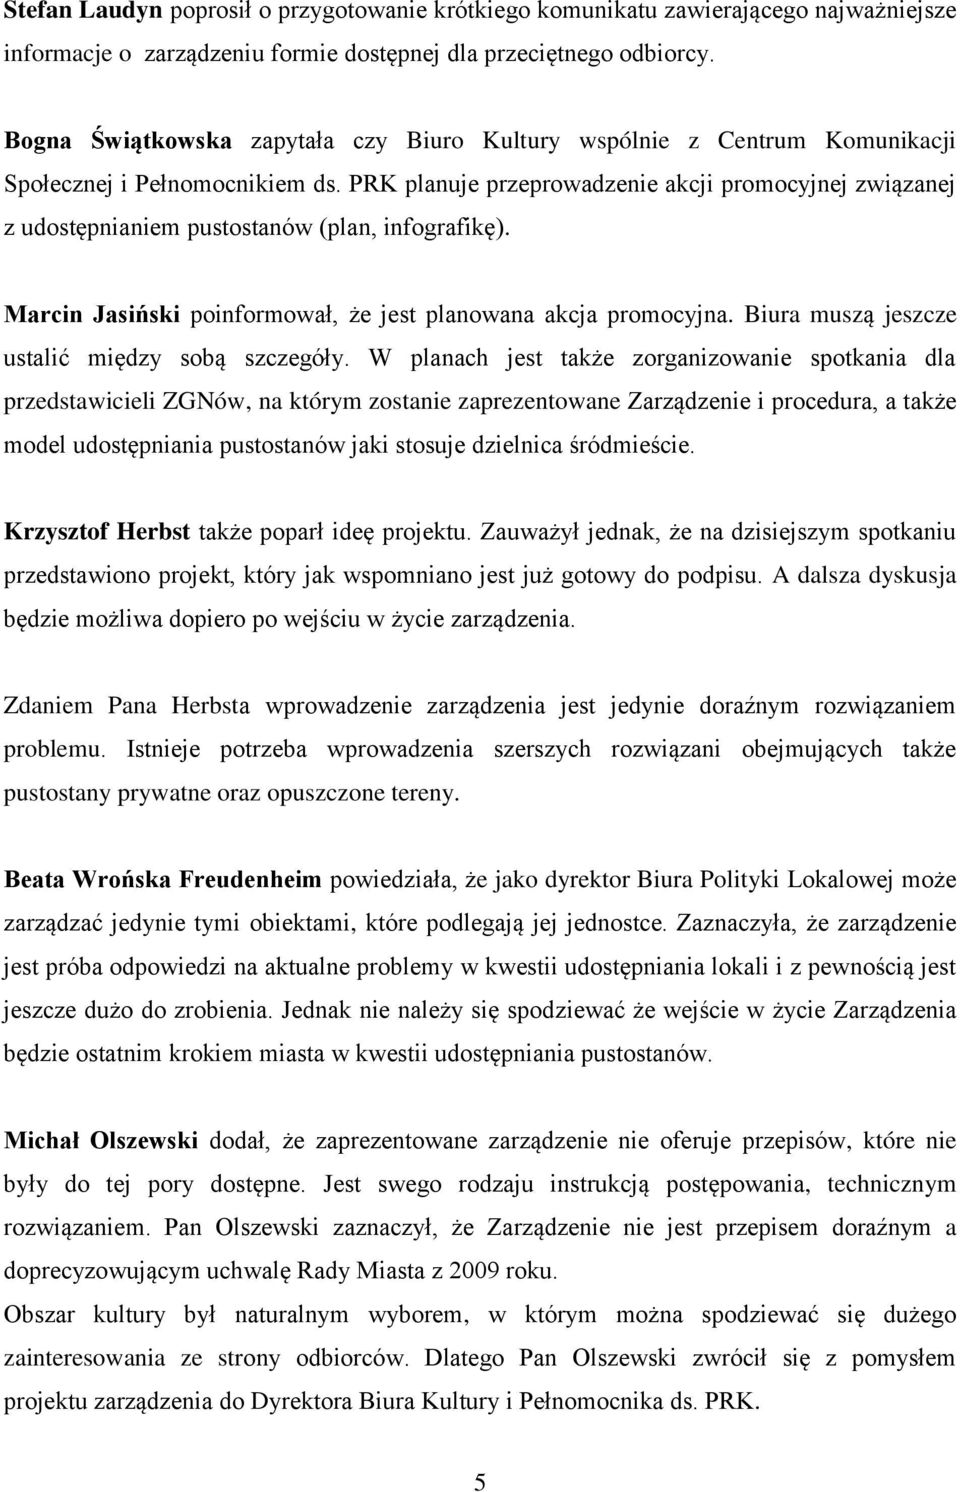 PRK planuje przeprowadzenie akcji promocyjnej związanej z udostępnianiem pustostanów (plan, infografikę). Marcin Jasiński poinformował, że jest planowana akcja promocyjna.
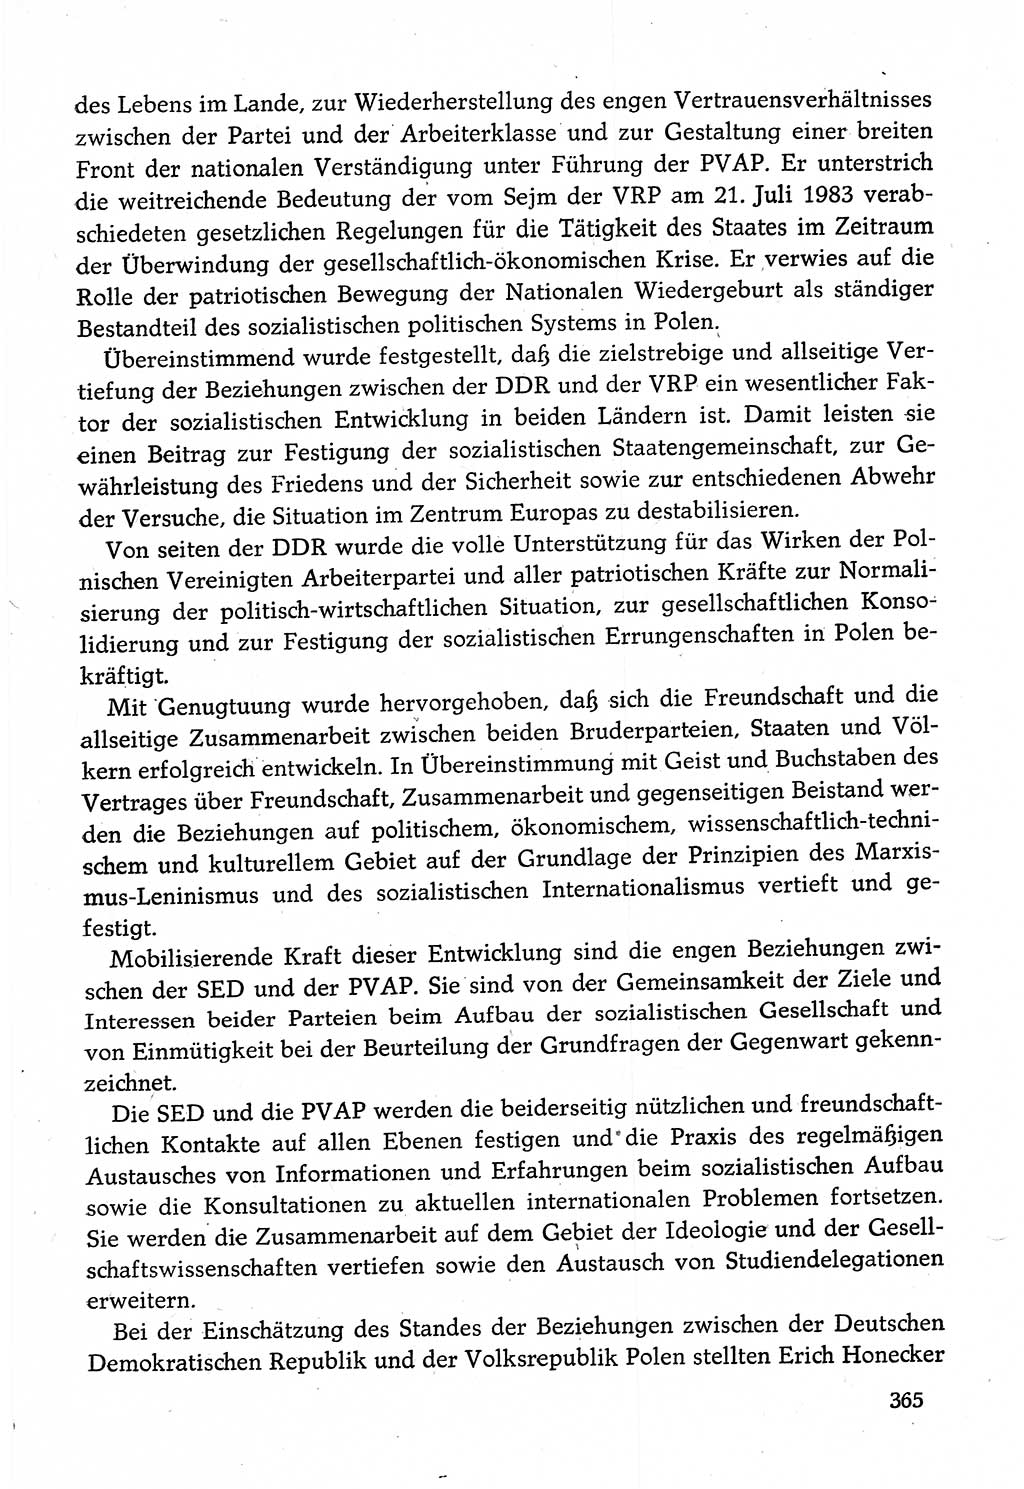 Dokumente der Sozialistischen Einheitspartei Deutschlands (SED) [Deutsche Demokratische Republik (DDR)] 1982-1983, Seite 365 (Dok. SED DDR 1982-1983, S. 365)
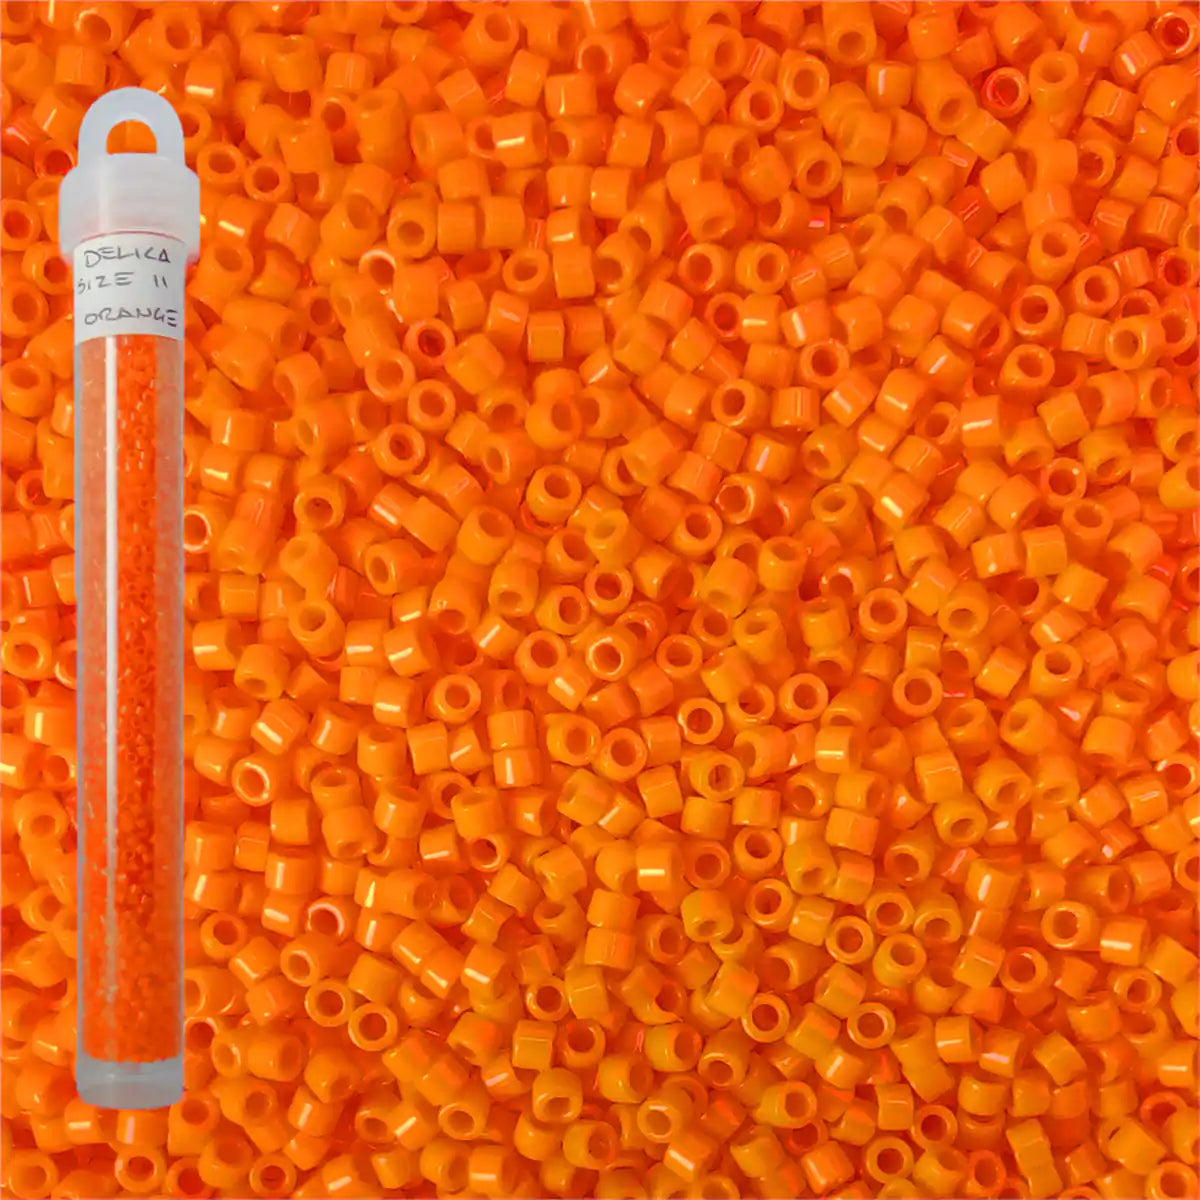 Delica beads orange size 11
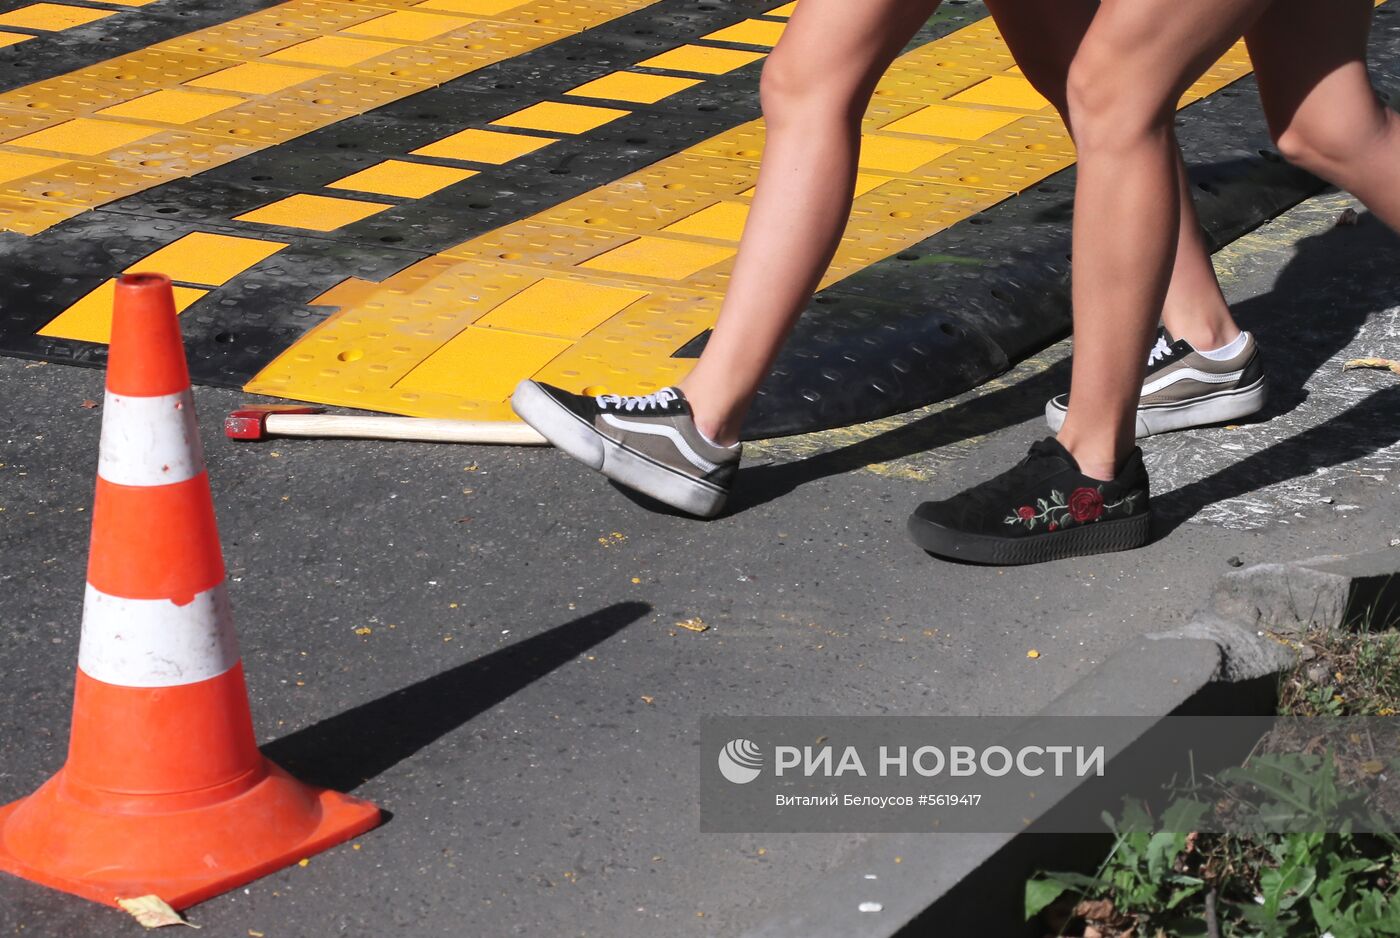 Первый приподнятый пешеходный переход установили в Москве
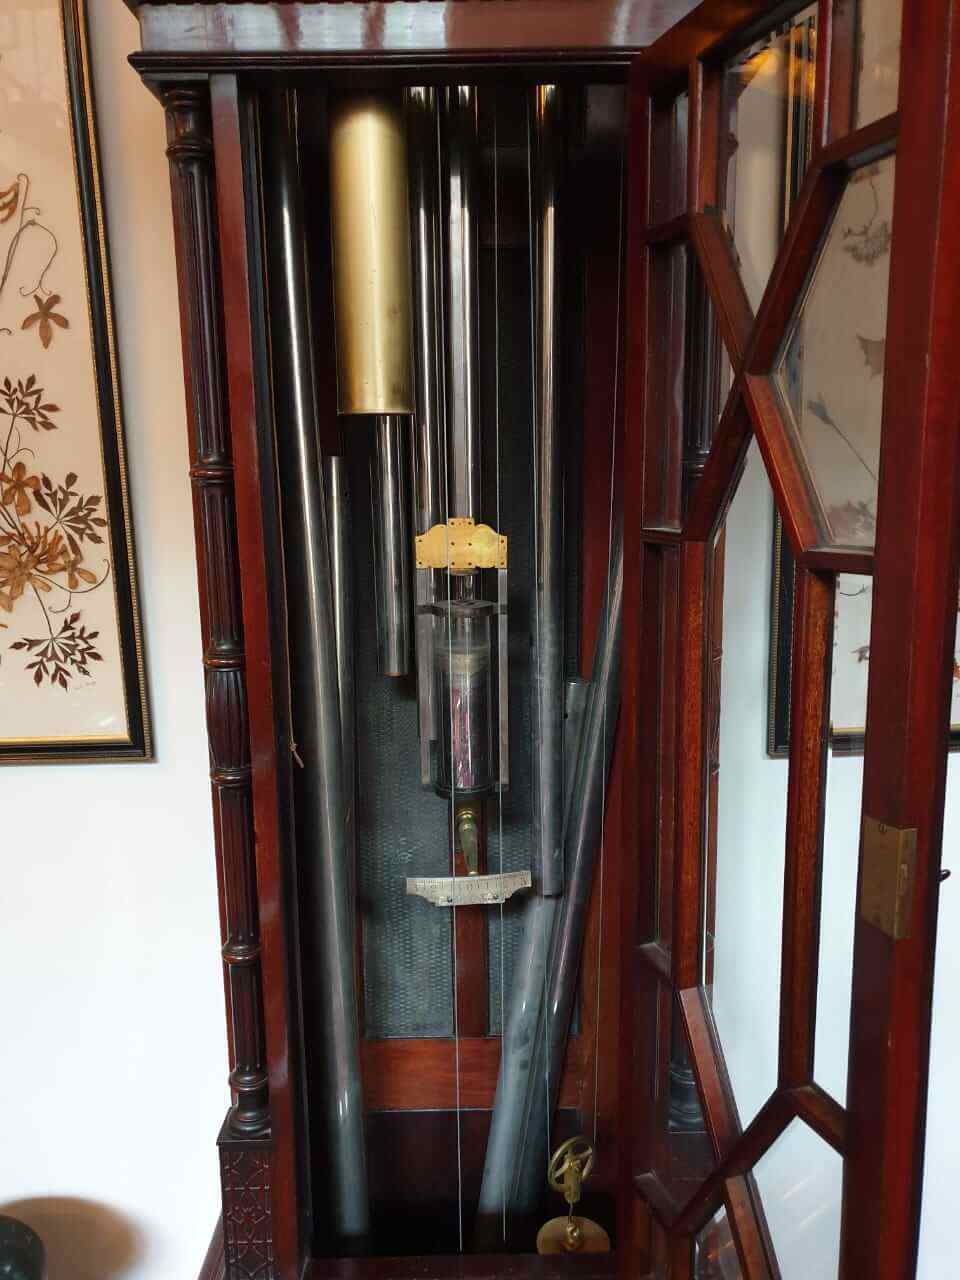 A mahogany tubular chiming longcase clock, Smith & Son Ltd, London, late 19th/early 20th century

--------

[EXERCISE AIM] The needed output is the lines from the one with "Dokumente der Sozialistischen" through the end of the listing, written out exactly, both ends included, pictures excluded.

[TASK RESULT]
 Dokumente der Sozialistischen Einheitspartei Deutschlands (SED) [Deutsche Demokratische Republik (DDR)] 1982-1983, Seite 365 (Dok. SED DDR 1982-1983, S. 365)
 Delica beads orange size 11
 Первый приподнятый пешеходный переход установили в Москве
 A mahogany tubular chiming longcase clock, Smith & Son Ltd, London, late 19th/early 20th century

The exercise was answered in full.